I often meet Israelis who tried to immigrate abroad for the hope of better economic security and they returned less than 5 years later because of loneliness. They report that they missed their friends and family and the general warmth of Israeli society that just can’t be replaced. Go to the beach or pub, and you’ll quickly see how a party of two doubles and triples as the day or evening progresses. Take the bus and you’ll see people huddled in clusters even when the bus is virtually empty. For better or worse, we like to be together.
We need this collective mentality in startups. One person simply cannot do it all alone. The CEO needs to know when and how to ask for help. And his or her teammates need to be willing and able to help.
Maybe this is why coworking spaces are popping up like crazy in Israel and are becoming part of the norm for startups. Why work alone when you can pool resources from everyone around you?

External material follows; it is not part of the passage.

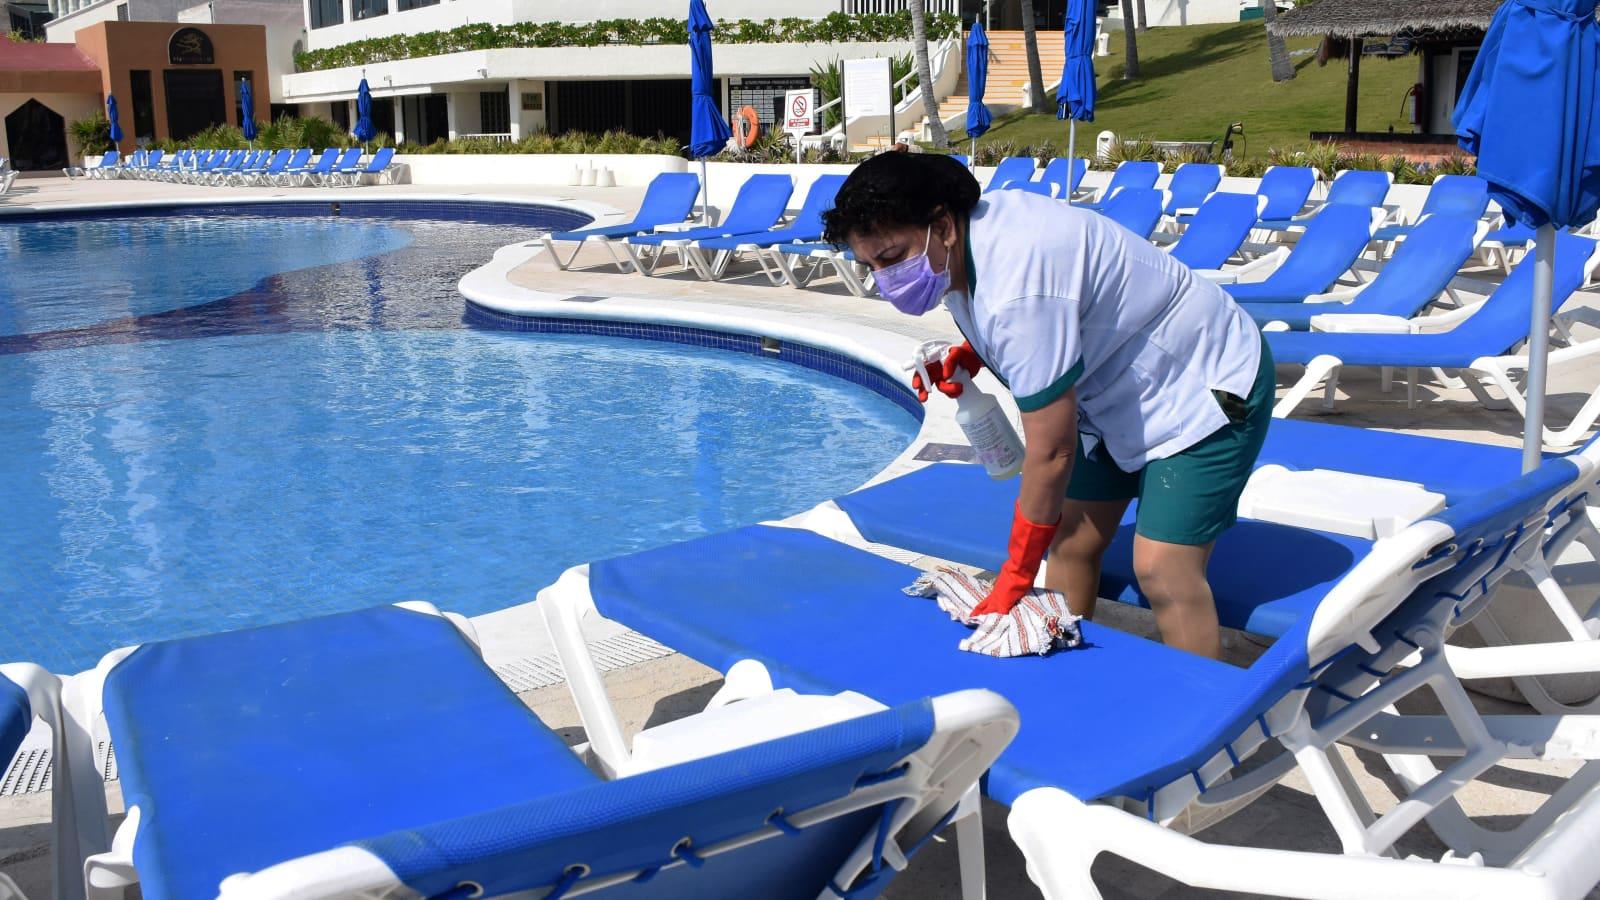 Covid Testing Hotels Scramble As U S Changes Flight Requirements

I for one get much more work done in the collective environment than I do during my days of working from home, despite the ease of rolling out of bed and flipping open my laptop in my PJ’s. Seeing other people around me working energizes me. And I know my work is better when I poke my head over to my colleague’s seat and get his feedback.

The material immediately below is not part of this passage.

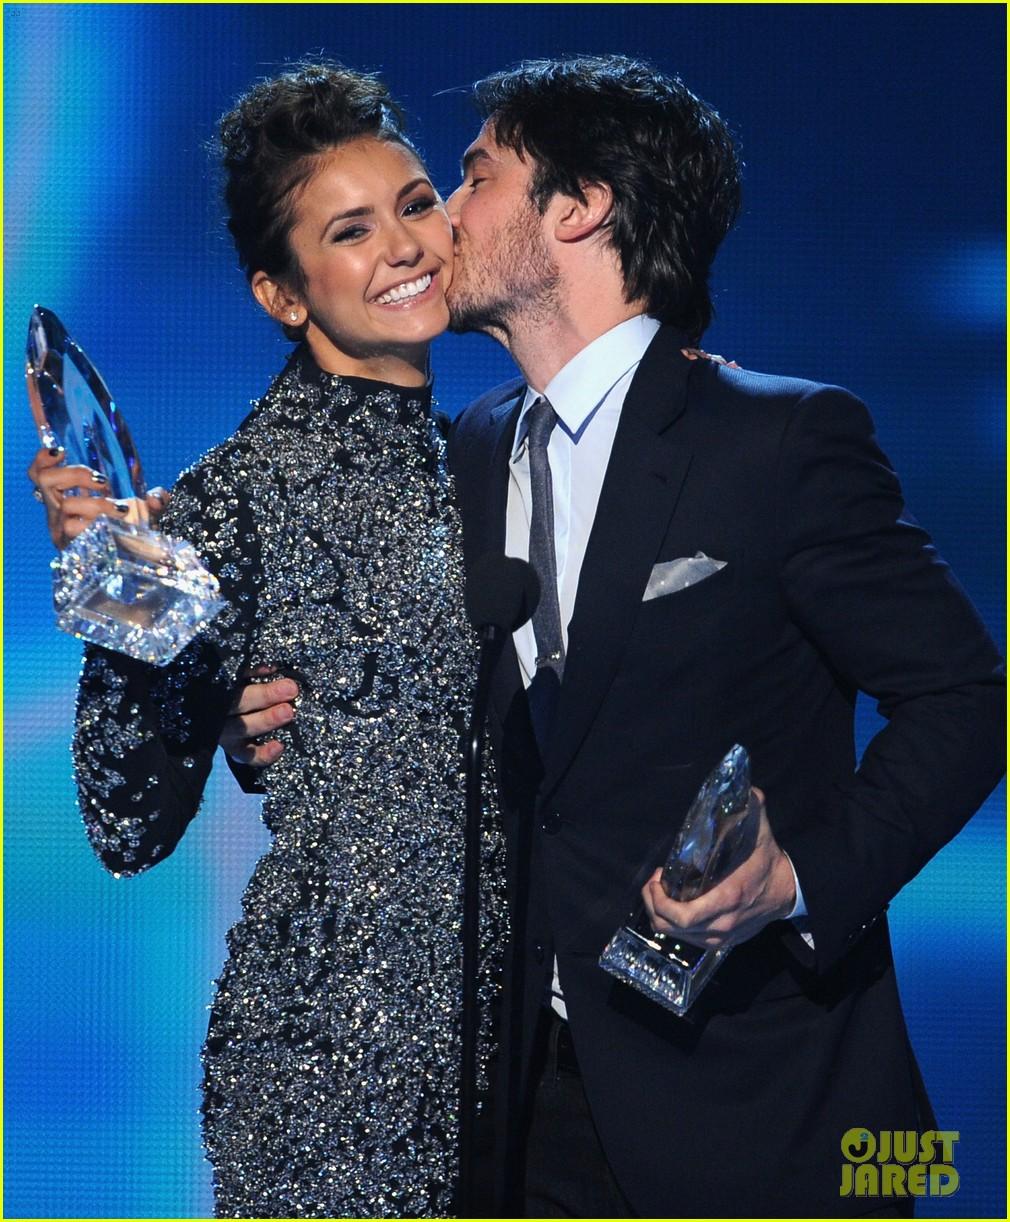 ian somerhalder nina dobrev joke about their breakup at peoples choice awards 143025755

Besides that, I don’t like eating alone. Moreover, the real conversations happen over lunch.
The Army is a Fertile Training Ground
Part of the collective mentality stems from the military. The Israeli Army offers ample opportunity for soldiers to develop skills, hone their creativity, and create contacts that last a lifetime.
Improvising is the norm, even if that means bending the rules and challenging authority.
Most importantly, it is a place where the ability and willingness to learn a new skills supersedes experience. The Army will train the youth and give them the place to apply their knowledge.
I know countless developers who got their start in tech in the Army. By the time they were released from their compulsory service, they had 2-3 years of experience in tech at minimum. Meanwhile, youth abroad were in college learning theory with no real life application. Education is important, but life experience trumps the text books.
Forbes estimates over 1000 companies that came out of Israel Defense Force’s once clandestine unit 8200. The unit trains youth with a high aptitude for analytical thinking, decision-making, and team-work as cyber intelligence analysts. It’s not surprising that Israel plays a dominant role cybersecurity globally, with the United States as its only superior for cyber defense and data protection.
They were given one mission: figure out how to hack the computers of hostile nations, crack the encryption, and decrypt the data. Other than that, there were no rules or guidelines. The unit has to be adaptable and willing to try anything to succeed with limited resources. And they have to learn to work together.
If there is a problem, these tech wizards will figure out a way to fix it like real-life MacGyvers. They can solve everything from a water scarcity and impending rockets to live-saving medical solutions using artificial intelligence as well as innovative methods of travel via social entrepreneurship on shoe-string budgets.
It’s a start-up by design.
How do we transition to a Tech Nation?
All of that being said, it is becoming clear that Israel is growing up. We have taken off our training wheels and our start-ups are moving ahead at full-speed. Ran Senderovitz, VP, general manager at Intel Israel Development Centers believes that to continue calling us startup nation is like saying we are Peter Pan, never growing up. And we have proven that we can succeed in the long term.
To paraphrase Friedrich Nietzsche, we need the Dionysian ecstasy to thrust our passions forward and the rational thinking of Apollo to keep these creations stable. Passion builds the product and drives innovation. But that is only part of the game.
We need the methodical business people to channel our passions into solid businesses that can withstand time. Moreover, we’ll need to open ourselves up to partnerships that may challenge our comfort zones.
And that will be the unique challenge in this hot-tempered climate.